8/ Thanks to fellow ghost sign enthusiasts who since last week have proffered favourite examples. This, from my confrere El Scuzzo, is my fave, on the south side of the building at 150-152 Glenferrie Road, Malvern, revealed four years ago by the demolition of adjacent former Commonwealth Bank building. Apparently Louis William Holmes was so keen to show his handiwork that the entirety of the text reads:
L.W. HOLMES,/HOUSE PAINTER & PAPERHANGER/ON SALE/GLASS FOR WINDOWS & PICTURES/VENETIAN BLINDS RE-TAPED & PAINTED/ON SALE/CARRIAGE VARNISH/WAGGON VARNISH/COPAL VARNISH/RUSSIAN GLUE/ENGLISH GLUE/GOLD PAINT/MACHINE OIL/PIPE CLAY/CHEAP SIGN WRITER/HOUSEHOLD/PAINTS 5D PER lb TIN/ESTIMATES FOR/GENERAL REPAIRS.
Holmes was seventeen years a Malvern councillor, and also served a mayoral term. The business, passed from father to son, lasted about six decades, and merged into an ironmonger. And his cheap signwriting then vanished again, sealed up behind a new construction, for the delectation of generations to come.
9/ Speaking of premature burials, perhaps my favourite sports story of last week was of the AFL, perhaps confusing him for Noam Chomsky, killing Hawthorn legend Michael Porter. When reports of Porter’s demise proved to be exaggerated, the AFL perpetrated the further falsehood that they’d contacted him to apologise. Initially a league spokesman said: ‘Once this innocent mistake was realised we moved quickly to ring and apologise to everyone affected, including Michael, and thank him for his understanding.’ Except they hadn’t: “I read today that the AFL said that they had actually spoken to me and they haven’t. They made a mistake and then they’re saying “oh we’ve contacted him. He understands” but they haven’t contacted me.’
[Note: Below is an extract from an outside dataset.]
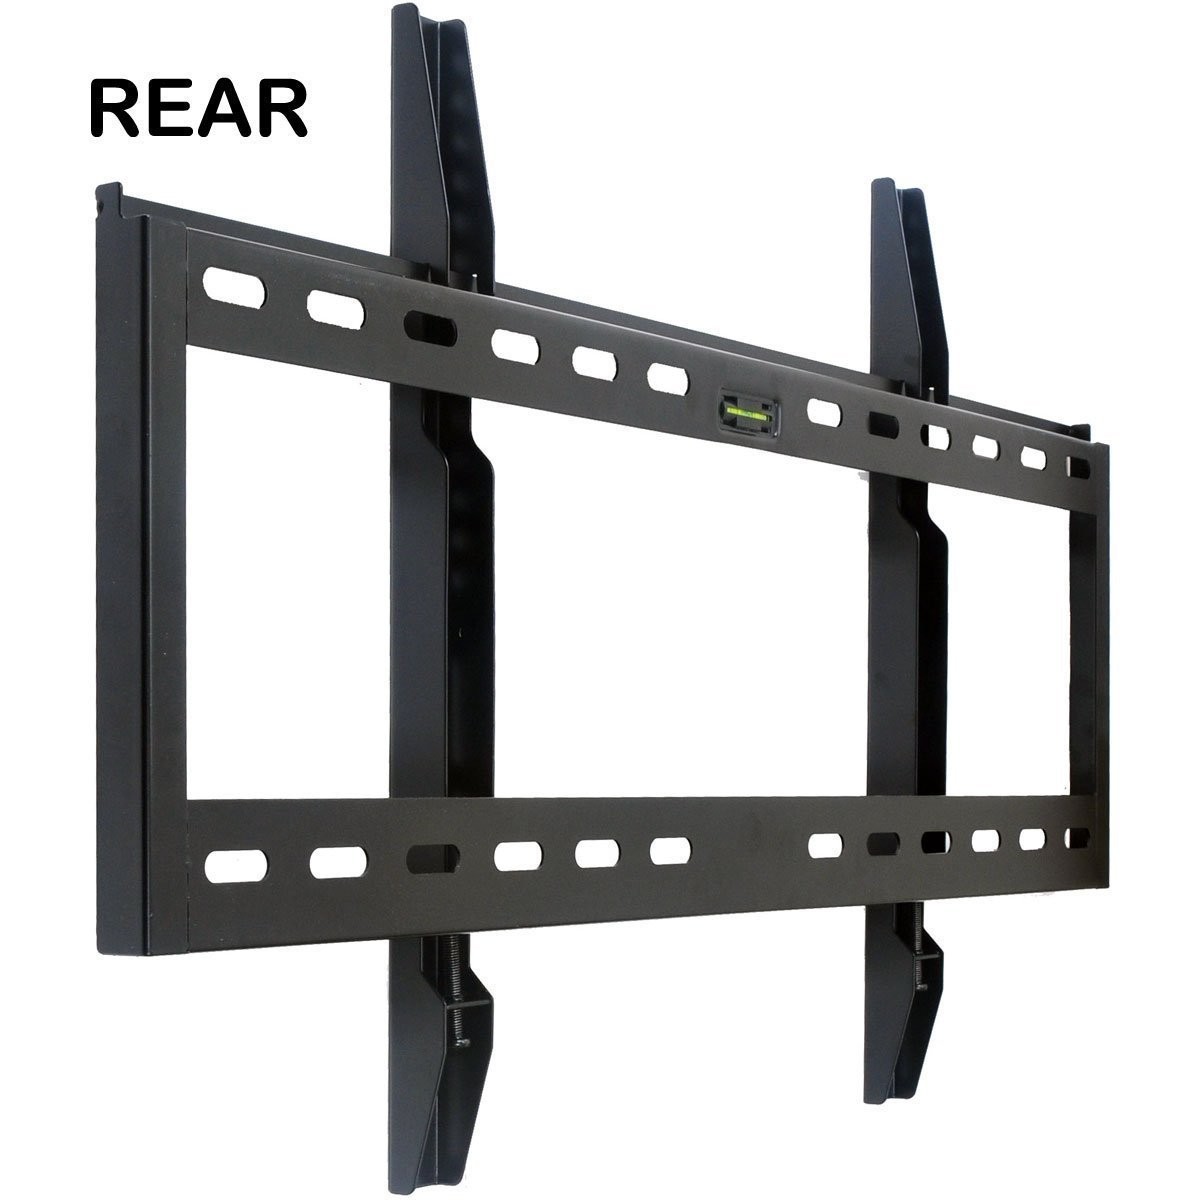 VideoSecu Heavy Duty TV Wall Mount for Sony 40 43 48 49 50 55 60 65 75 Inch XBR-49X800E XBR-55A1E XBR-55X930D XBR-55X930E XBR-65A1E XBR-65X850E LED LCD Plasma Flat Panel Screen HDTV Display MN7 - image 2 of 3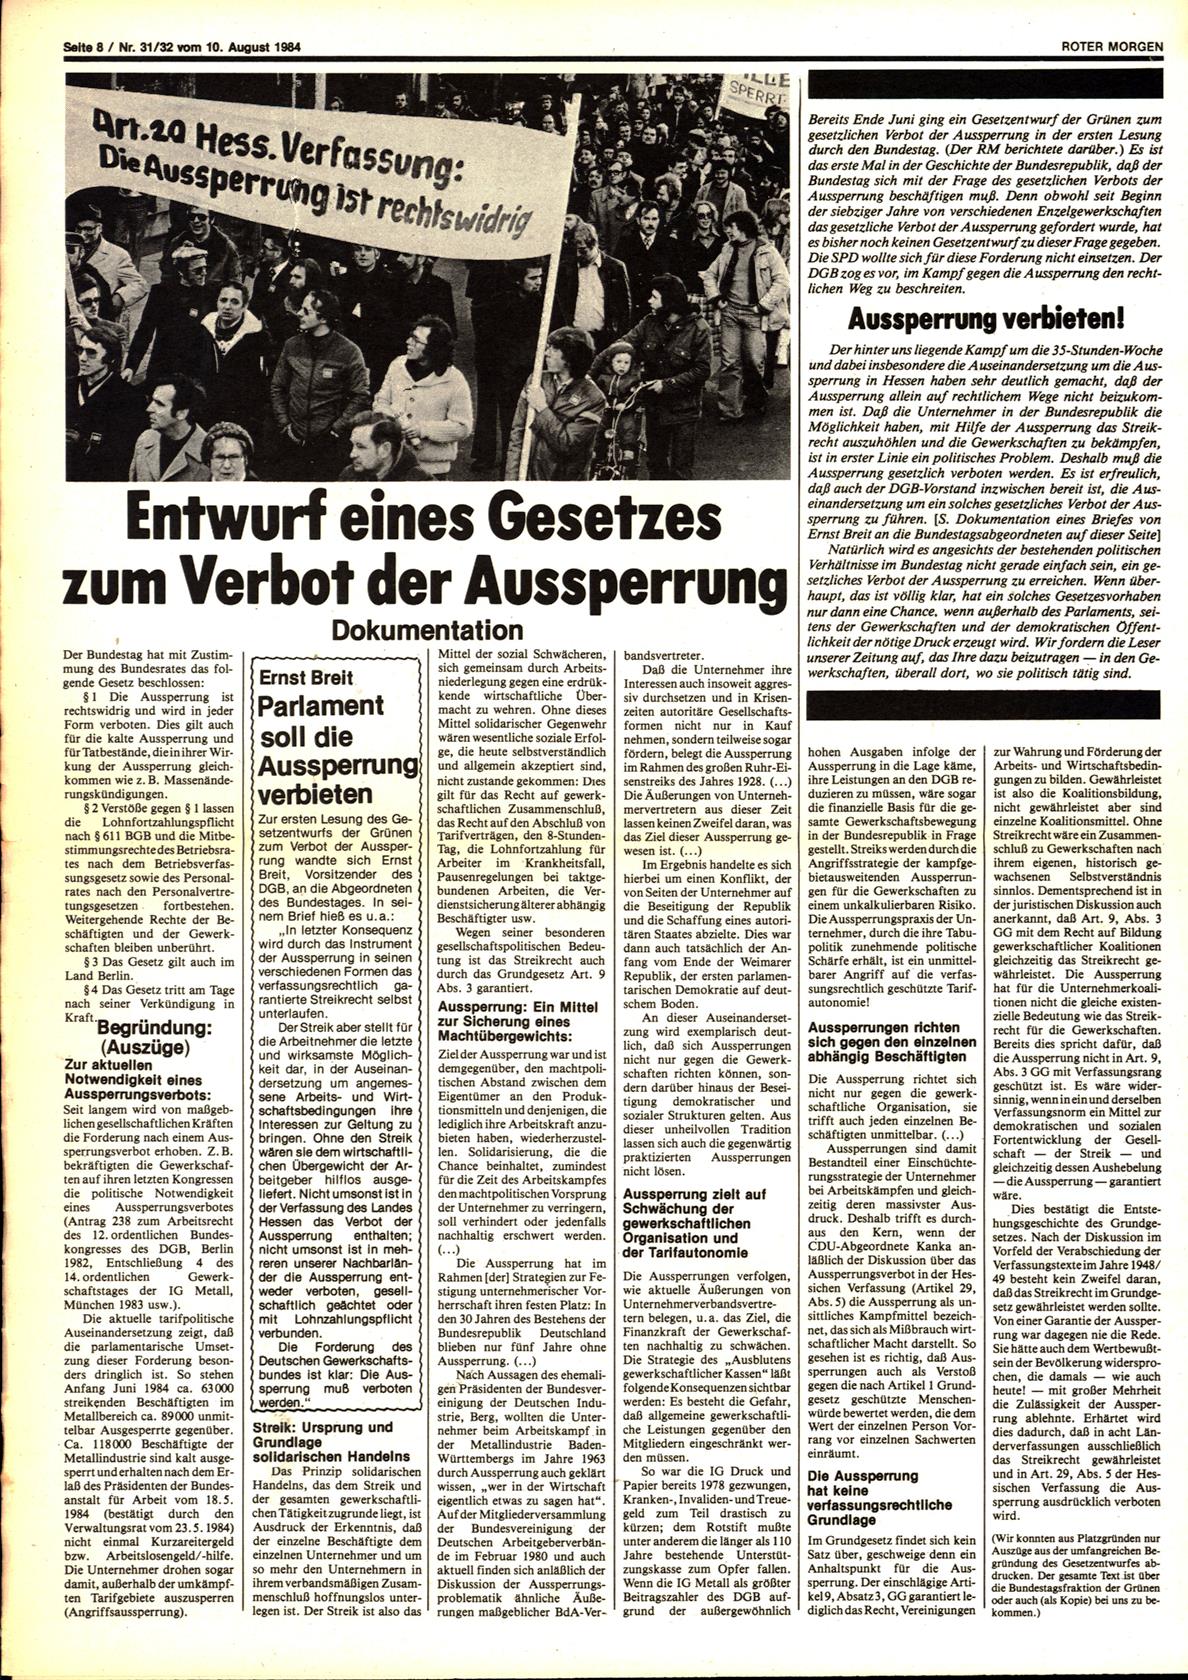 Roter Morgen, 18. Jg., 10. August 1984, Nr. 31/32, Seite 8

So unlike the AFL to fuck something up then lie that everything’s sweet. The BCCI of football.
10/ Still, these episodes are less uncommon than you might think. Cricket geeks like me rejoice in the tale of the Rev Archibald Fargus, who won a Blue at Cambridge and represented Gloucestershire before World War I, then was listed among the missing after the loss of the armoured cruiser HMS Monmouth at the Battle Of Coronel. Wisden, the game’s recording angel, published Fargus’s obituary in its 1915 edition, unaware that he had missed his train, and thereby missed his ship’s departure. At least the almanack, suitably abashed, corrected the record, but they then missed his actual death in 1963, and did not print a second correct notice for Fargus until eighty years after the first. I also have a dim recollection that the ‘curmudgeonly thespian’ A. E. Matthews read reports of his own death in The Times, and was subsequently reported to have said: ‘I read The Times every day and if I don’t see my obituary then I go to work.’ Hoping you don’t read your obituary today….
"Gambling is, as smoking was, a slow-acting poison that uses sport to mask its taste." Thank you Gideon. Hope that features on a ghost billboard somewhere near everyone soon. Better still, running on the electric ad banners stadia in between the ‘Bet Now!’s. Crowdfund?